Sediments may contain 100 to 1000 fold higher fecal coliform abundances than the overlying water column (Nagvenkar and Ramaiah 2009). The TVC in sediment was < 9.3 ± 1.1 × 107 g−1 dry wt. in the Mandovi and Zuari river area (Nagvenkar and Ramaiah 2009). But during the present investigation the TVC population in the sediments was low (2.4–94.0 [×104] g−1 dry wt) compared to above studies, owing to a smaller river basin (5369 sq. km2) and subsequently less intense natural and anthropogenic activities. As a result, bacteria levels increase by concomitant resuspension with sediments and/or resuspension of sediments with attached bacteria (Byamukama et al. 2005). Co-sedimentation, i.e., the joint deposition of sediment particles and bacteria is most likely the only way bacteria will settle in running waters (Wilkinson et al. 1995). The sediment/ bacteria association is further complicated by the potentially transient nature of the floc/bacteria relationship, due to the dynamic nature of flocculation processes. When viable bacteria attach to sediments, they are protected and their survival is enhanced (Droppo et al. 2009).

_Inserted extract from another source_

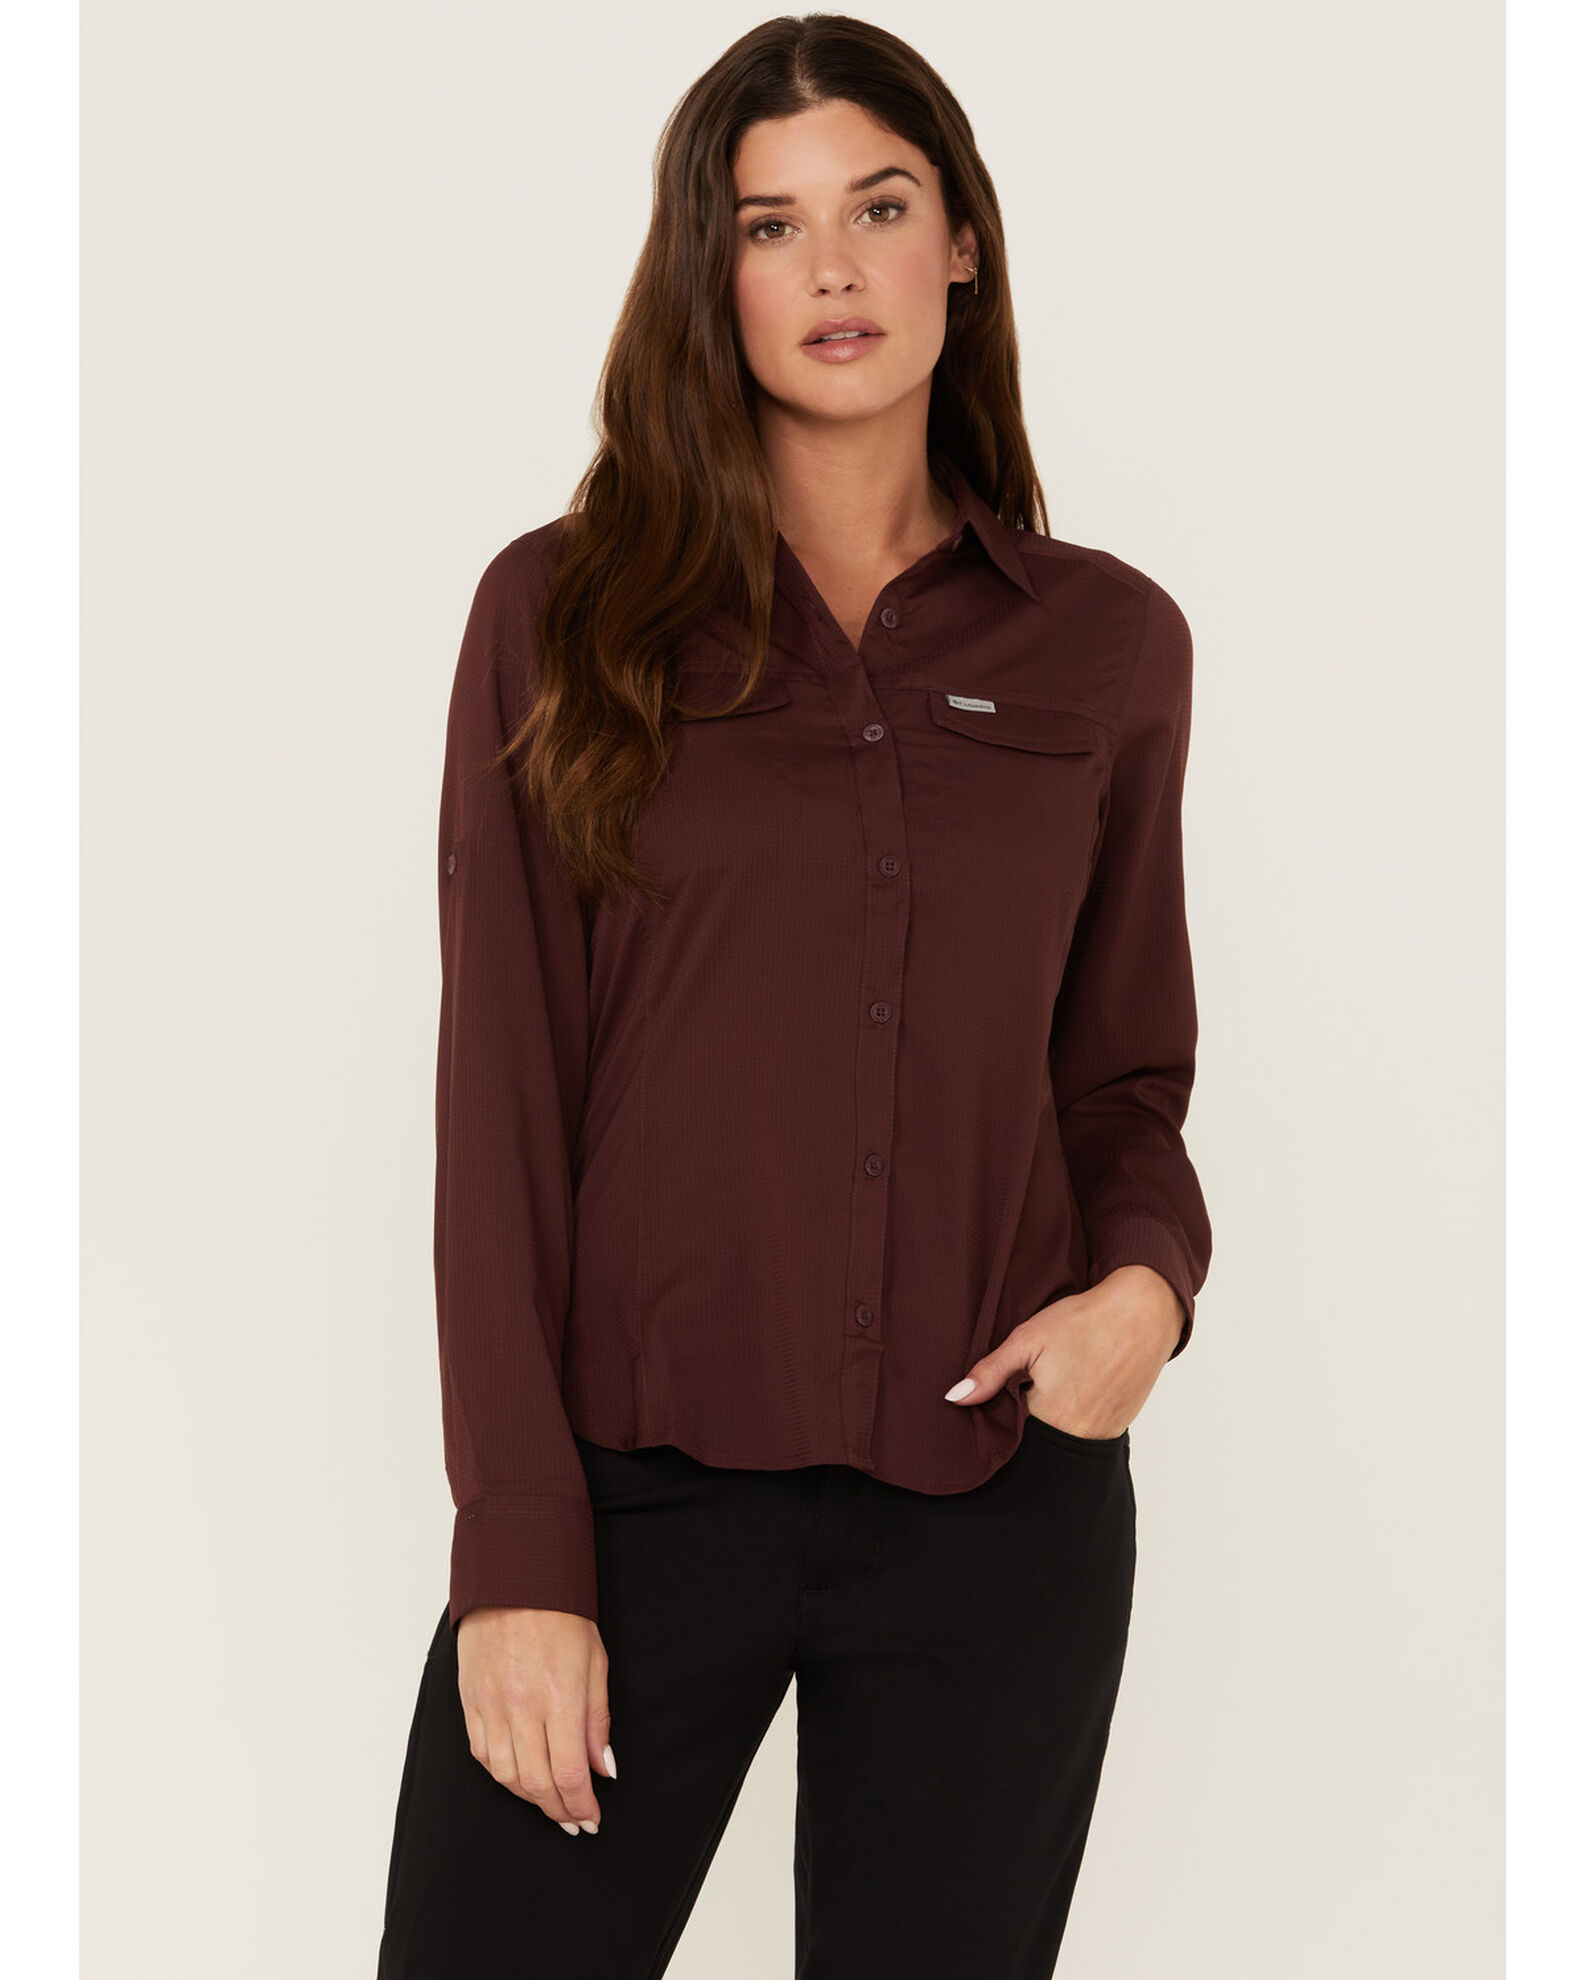 Product Name: Columbia Women's Silver Ridge Lite Malbec Long Sleeve Shirt

The Tamiraparani river is continuously polluted in the middle and lower stretch due to mass bathing (human and livestock), and indiscriminate sewage and septic tank waste discharges from the Tirunelveli municipality. However, the river demonstrated a considerable capacity and resilience to recover from pollution between these areas. It should be noted that the intrinsic capacity of water systems to recover from pollution is essential for restoring water quality to a pre-pollution status (Vagnetti et al. 2003). The geochemical levels show a pronounced variation over spatial and seasonal changes and infer a good quality of nature throughout the river basin (Kumarasamy et al. 2013). The poor/unsanitated dwellings and travelers/pilgrims depend largely on the river for their basic hygiene. The presence of such indicator organisms may provide an indication of waterborne problems and is a direct threat to human and animal health. Their abundance in the Tamiraparani river system suggests that they might provide suitable bio-indicators of enteric contamination. The river is mainly passing through several rural areas that have many small animal farms, and huge amounts of fecal excreta are dropped into the river system daily. Also, many pasture animals access this river system for their drinking purposes. In addition, large amounts of domestic sewage and small amounts of industrial effluents are discharged into the riverine system from urban/rural areas.

5 Conclusions

The present water/sediment quality bacteriological investigation suggests that the studied sites were heavily contaminated with TC, TS and pathogens. It is challenging at present to attribute fecal pollution to specific sources in the Tamiraparani river catchment area although people/livestock could be the main contributing sources. Geochemically, although the river water characteristics range within permissible limits, most of the samples were found to have higher bacterial indicator levels than those demanded by the Bureau of Indian Standards and NRCD. In both water and sediment samples, the highest counts of bacteria were reported in November and May and moderate counts were made in other months. Higher bacterial densities were noted in the upper, middle and lower stretches at Thenkasi (S7), Tirunelveli (S13) and Punnakayal (S22), respectively, due to dense populations, mass visiting, and holy dipping. Among the five pathogenic bacterial examinations, Escherichia coli density exhibited the highest sensitivity to water quality changes. Based on this observation, the microbial contaminated communities were not associated with geochemical parameters. Guidelines to protect surface water quality of the Tamiraparani river are demanded.